Nenhum pingüim à vista, mas me prometeram alguns assim que melhorar o tempo. Somente uma Skua, uma ave de rapina cinza que parece uma gaivota mal encarada. Desembarquei na praia pedregosa da Estação Antártica Comandante Ferraz, aproveitando a carona do Chefe de Operações que veio checar dados para uma "faina" de carga e descarga.

Com o link da Telemar por satélite, que possibilita ligações VoIP para o Brasil como se fosse do PABX da Marinha no Rio de Janeiro, o pessoal da tripulação aproveita também qualquer oportunidade para vir para fazer um 21 para a família (21, 31, entendeu? dããã). Isso dá um gás para o pessoal que fica longos períodos aqui. Liguei a cobrar para meus velhos, será que vai sair caro?
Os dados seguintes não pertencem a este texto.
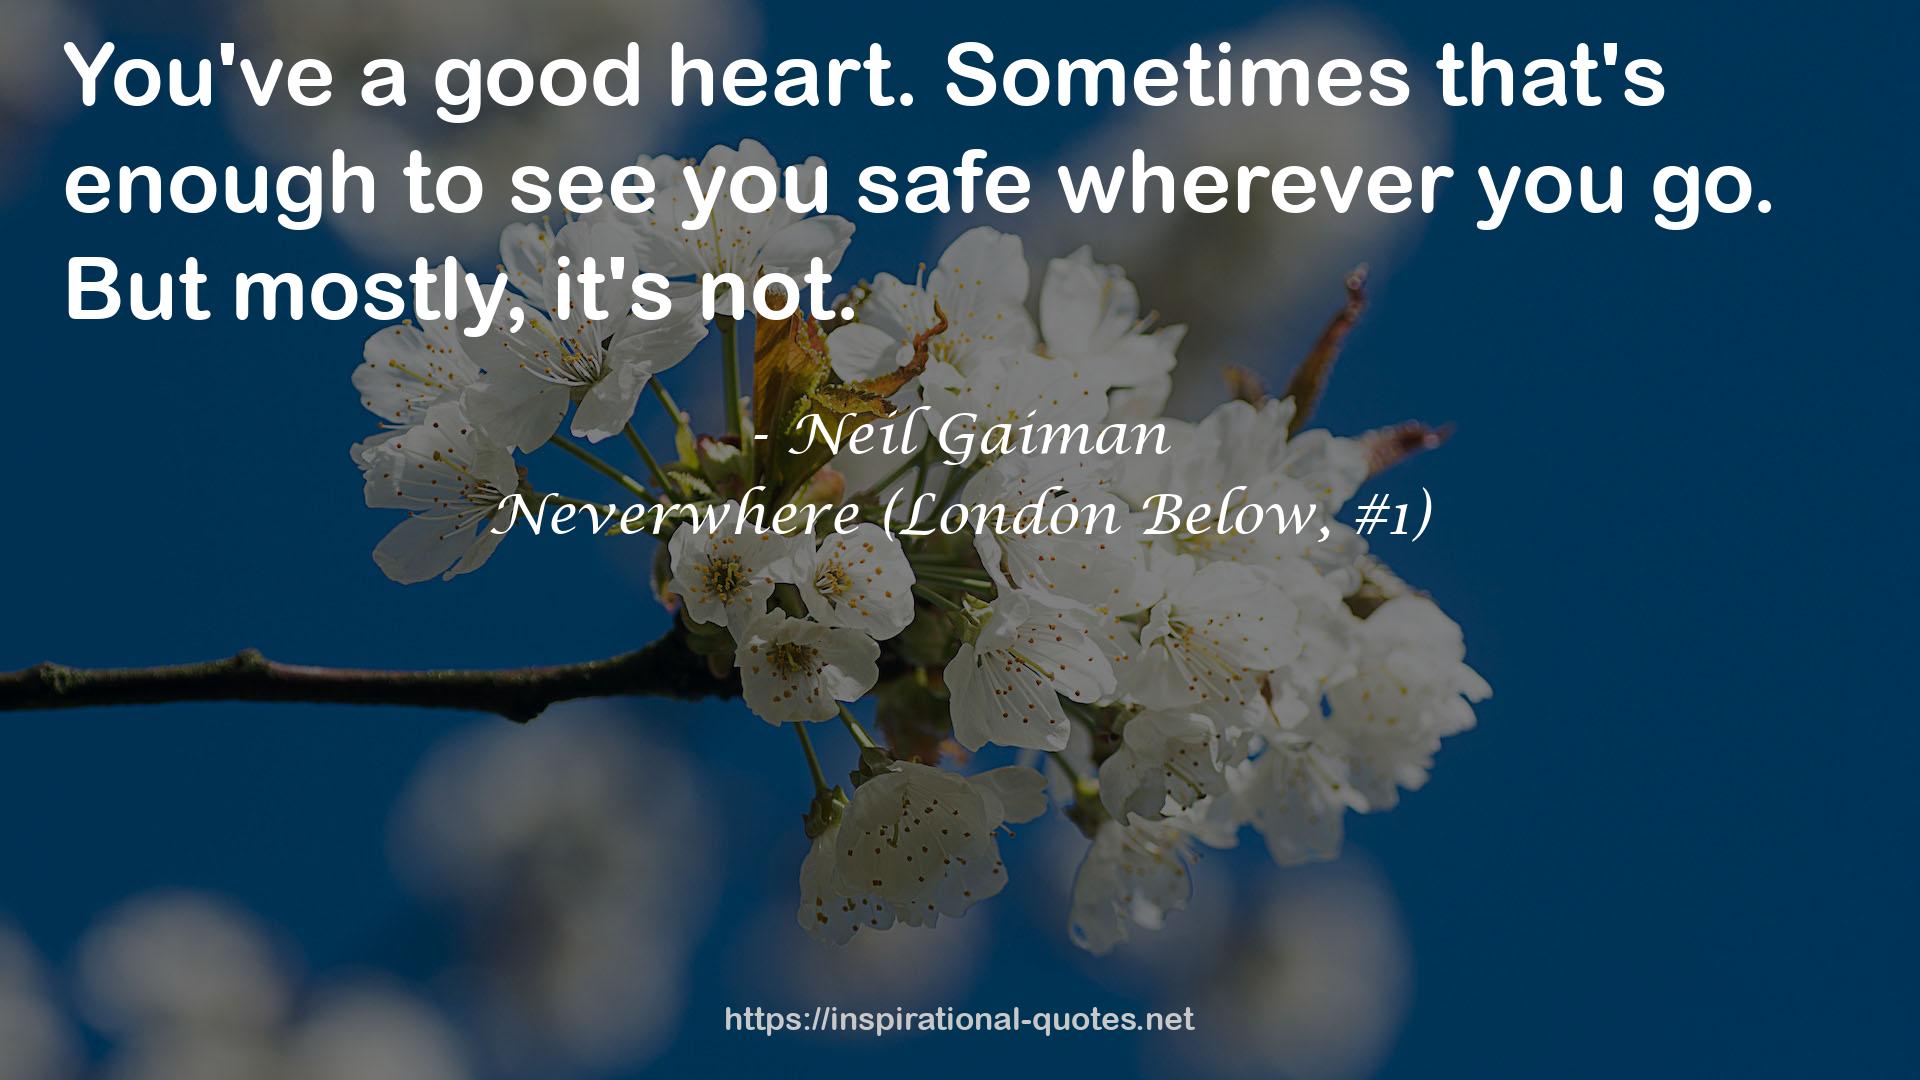 Neverwhere (London Below, #1) QUOTES

Enquanto teclo, há um pessoal vendo o jogo do Vasco em um telão, tudo graças à anteninha da Telemar.

(Disclaimer: não recebo jabá da Telemar)

Em Ferraz, acompanhei o Chefe da Estação enquanto dava o tour para seu sucessor no Grupo Base que chega. Dos 8 módulos (containers) originais de 1982, Ferraz cresceu para mais de 60 módulos, atualmente em reforma para interligar os módulos existentes em uma construção só e agregar mais alguns espaços. Pode dar a impressão de se estar em um navio em alguns momentos, mas o conforto é infinitamente superior. Fiquei bastante impressionado, surpreso até, com o conforto das instalações. As partes de convivência comum têm acabamento em madeira, o que é sempre agradável, a temperatura é mantida para ficar de camiseta, os camarotes são espaçosos o suficiente para permitir que duas pessoas não se matem. A Marinha conserva isso aqui com uma competência e um zelo de encher os olhos.
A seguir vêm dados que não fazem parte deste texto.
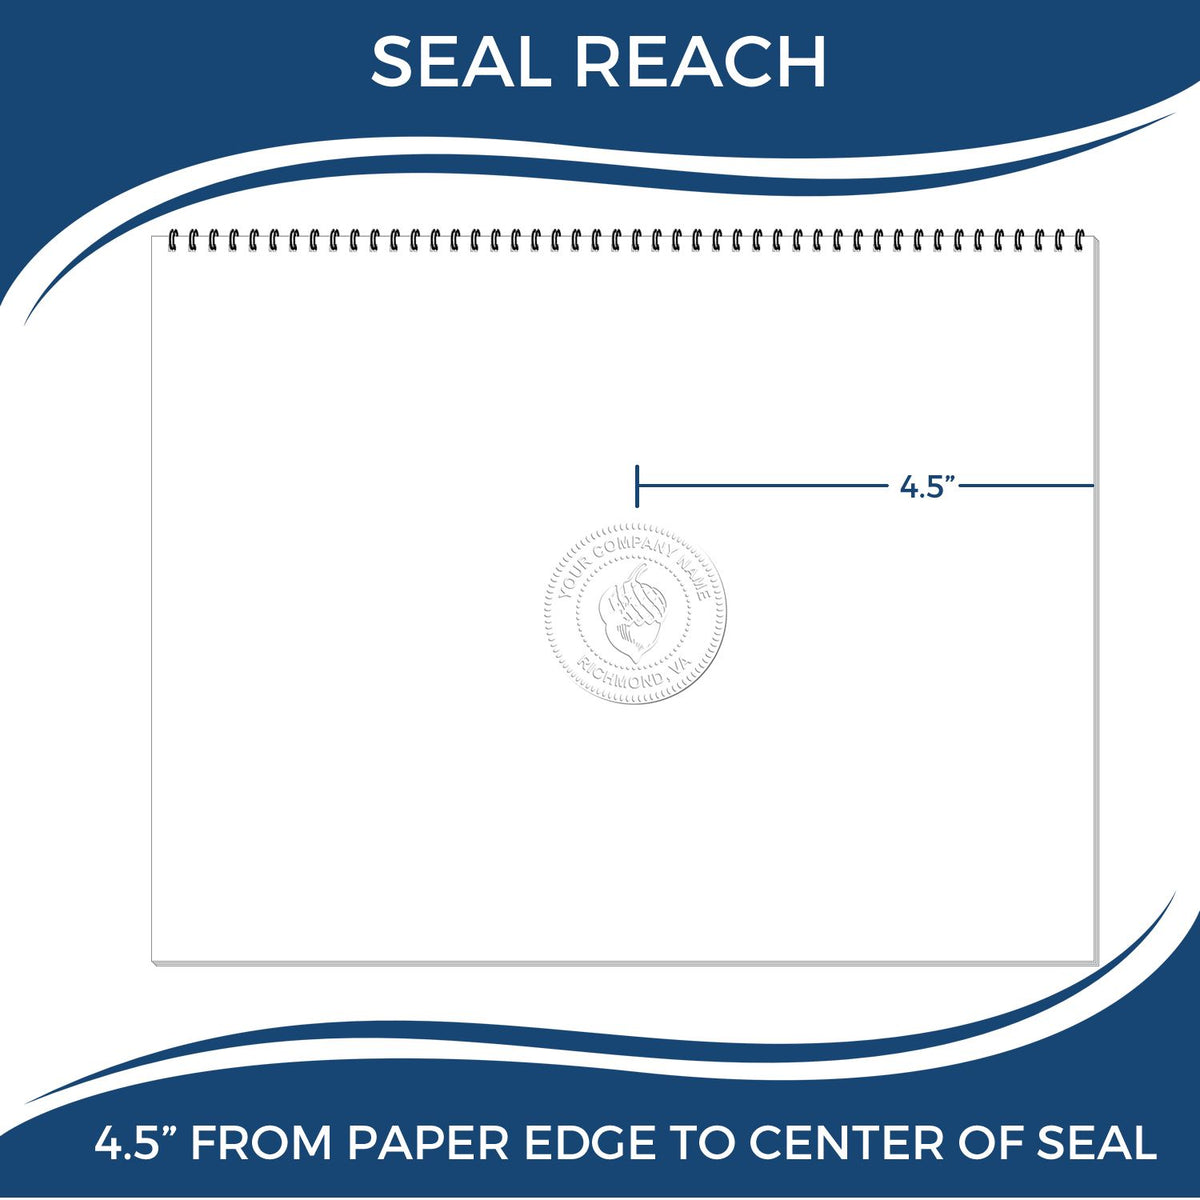 An infographic showing the seal reach which is represented by a ruler and a miniature seal image of the State of North Carolina Extended Long Reach Engineer Seal

Na Estação me sinto mais à vontade, com o pessoal que conheci no percurso de avião. Fui promovido, virei o "Senhor Embaixador", algumas vezes sou o "Merré" (MRE). Todo mundo sabe que sou um nada hierárquico, mas o apelido pegou. Agora, o engraçado é que aparentemente tem gente que não entendeu que é um apelido.

Saída da Estação

Deve ter gente pensando que essa viagem é um hoax...."pô, esse cara diz que foi para a Antártica mas fica um tempão no messenger e blogando. Deve estar na praia no Rio". Para sair da Estação, é necessário estar acompanhado de um alpinista do Clube Alpino Paulista, que tem uma parceria com o Proantar para assessorar os militares e pesquisadores. No Brasil, quem entende de andar pelo gelo são eles, e graças a essa parceria o Proantar nunca perdeu alguém na Antártica, as ocorrências mais graves foram umas fraturas e um ou outro ataque cardíaco. Assim que o alpinista estiver liberado, vou bater perna por aí. Enquanto isso, fico aqui como se estivesse no escritório....blogando, blogando....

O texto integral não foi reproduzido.